Gillchrest and Blumenthal are also working on legislation that would expand funding and training for advanced practice nurses, physicians assistants and nurse-midwives who are now allowed to provide aspiration-abortions — a procedure that uses a vacuum source to remove an embryo or fetus through the cervix — during the first trimester, under a law signed by Lamont in May of 2022. 

Alongside the increase in funding for these medical providers, Blumenthal told the News that the Reproductive Caucus is also working to better protect doctors who provide abortions from punitive actions in other states. Connecticut is a member of various medical compacts where a provider in Connecticut is also licensed to practice in other member states. Disciplinary action in one of these states may then follow a medical provider licensed in Connecticut. 

“One tactic of anti-choice groups across the country is to target providers who provide abortion care and attack their licenses through filing disciplinary complaints,” Blumenthal told the News. “Our legislation is meant to stop this and provide a protection for providers that would basically ignore a disciplinary complaint if it had to do with providing an abortion.” 

Attorney General William Tong joins suit to protect abortion bills 

Currently, the U.S. District Court for the Northern District of Texas is hearing a case brought forward by the Alliance of Hippocratic Medicine, a collection of anti-abortion groups who wish to revoke the FDA’s approval of the medication abortion drug mifepristone. 

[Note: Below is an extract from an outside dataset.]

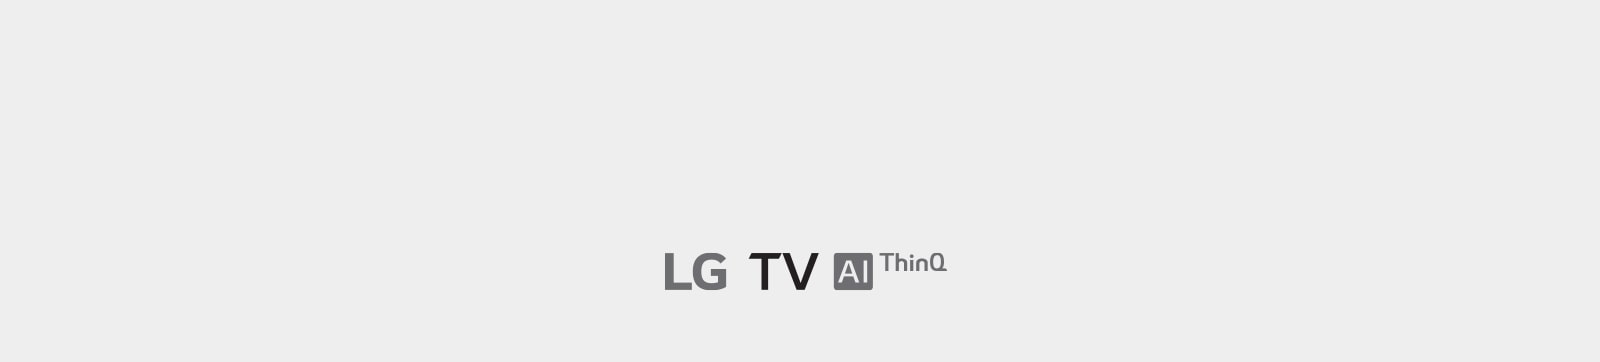 TV-AI_ThinQ_05-Desktop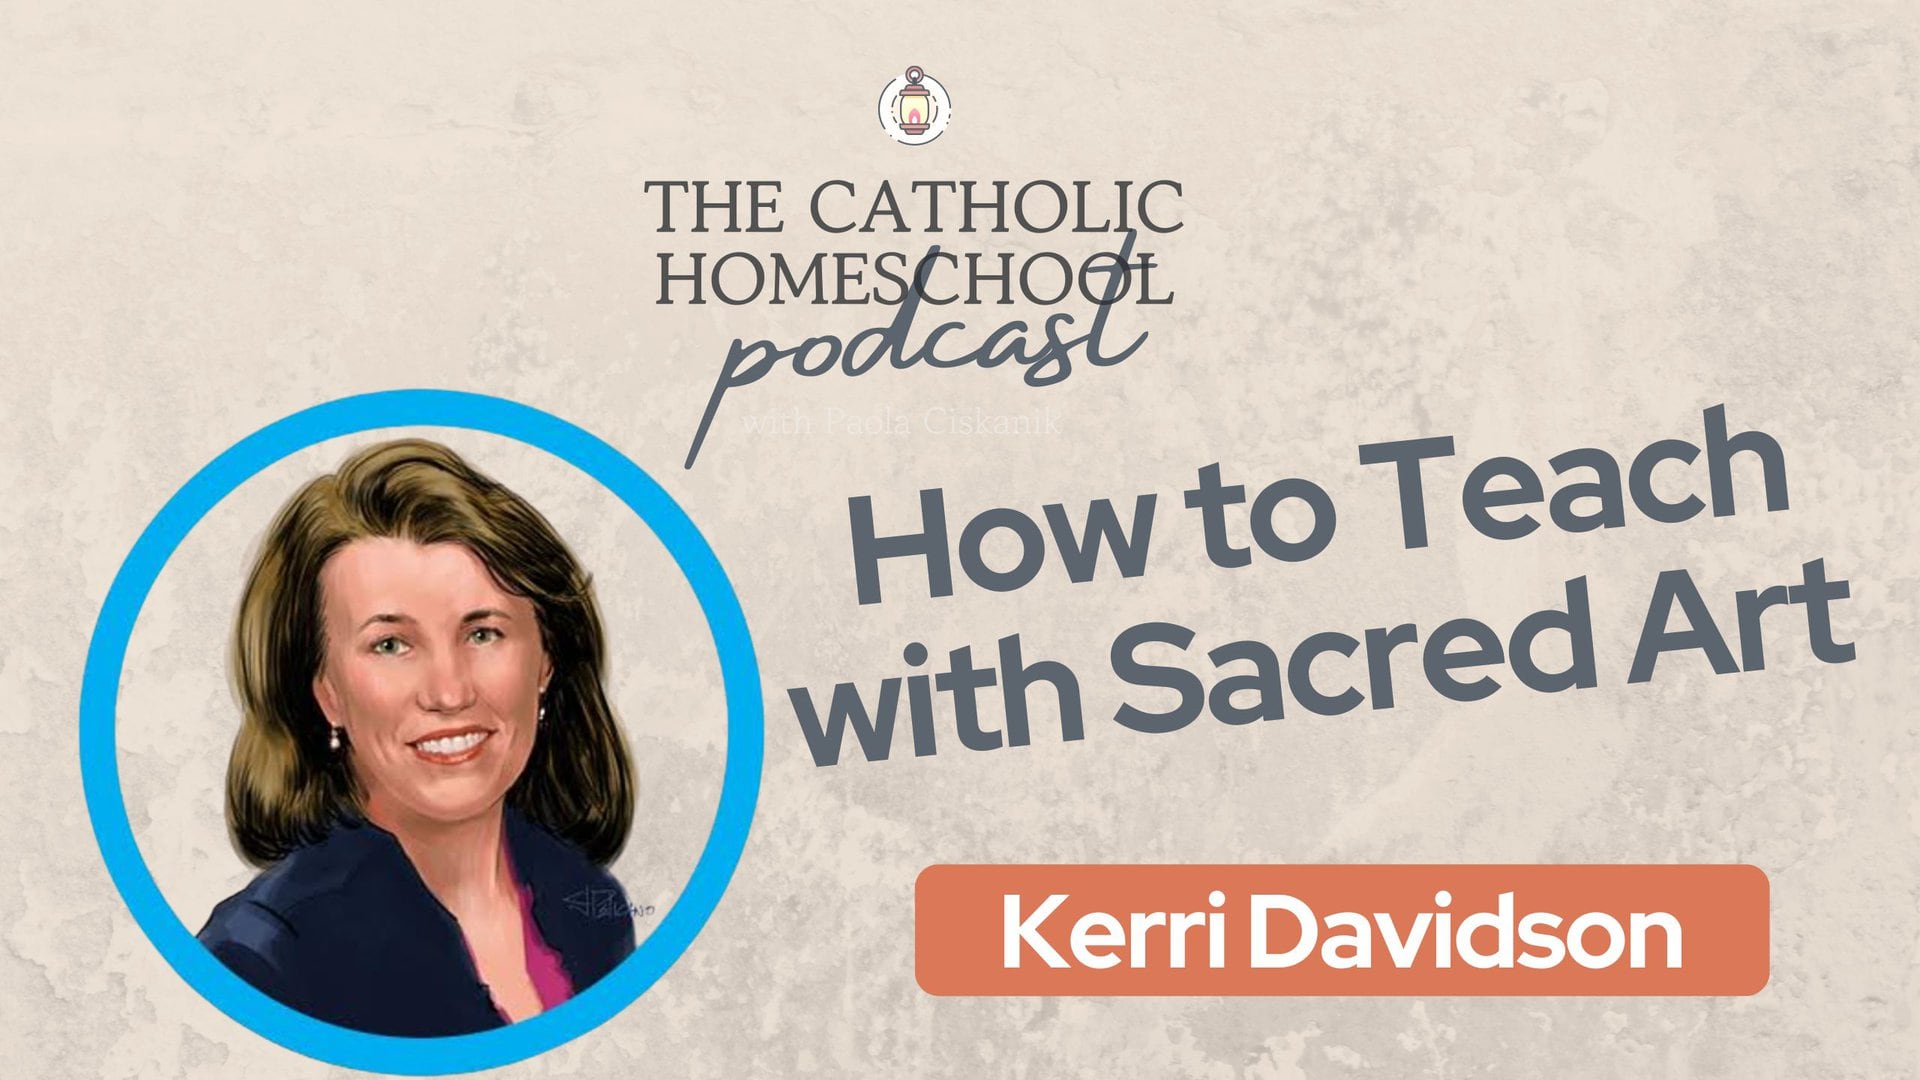 Kerri Davidson| How to Teach with Sacred Art | The Catholic Homeschool Podcast

Mifepristone is a two-dosage medical abortion pill that was first approved by the Food and Drug Administration in 2000. The FDA has consistently upheld its ruling, even though anti-abortion activists contend that the FDA ignored harmful side effects when it was approved. 

According to EveryDay Health, a misoprostol-only regimen can sometimes cause certain symptoms and side effects, including cramping, nausea, vomiting, diarrhea and chills. More than 50 percent of abortions in the United States take place through the drug. 

According to Tong, a ruling by the District Court of Texas against the FDA would drastically reduce access to safe abortion care and miscarriage management. 

“Mifepristone has been safely used for medication abortion for more than two decades. This lawsuit is one more radical effort to reject science and inject partisan politics into the doctor-patient relationship,” Tong wrote to the News. “The ban this group is seeking would impact every state—including Connecticut—and would force women who choose to end their pregnancies into unnecessary surgical procedures. This reckless challenge has zero basis in science or the law and must be rejected.” 

Dobbs v. Jackson Women’s Health Organization overruled Roe v. Wade and the federal right to an abortion in June. 

Yash Roy covered City Hall and State Politics for the News. He also served as a Production & Design editor, and Diversity, Equity & Inclusion chair for the News. Originally from Princeton, New Jersey, he is a '25 in Timothy Dwight College majoring in Global Affairs.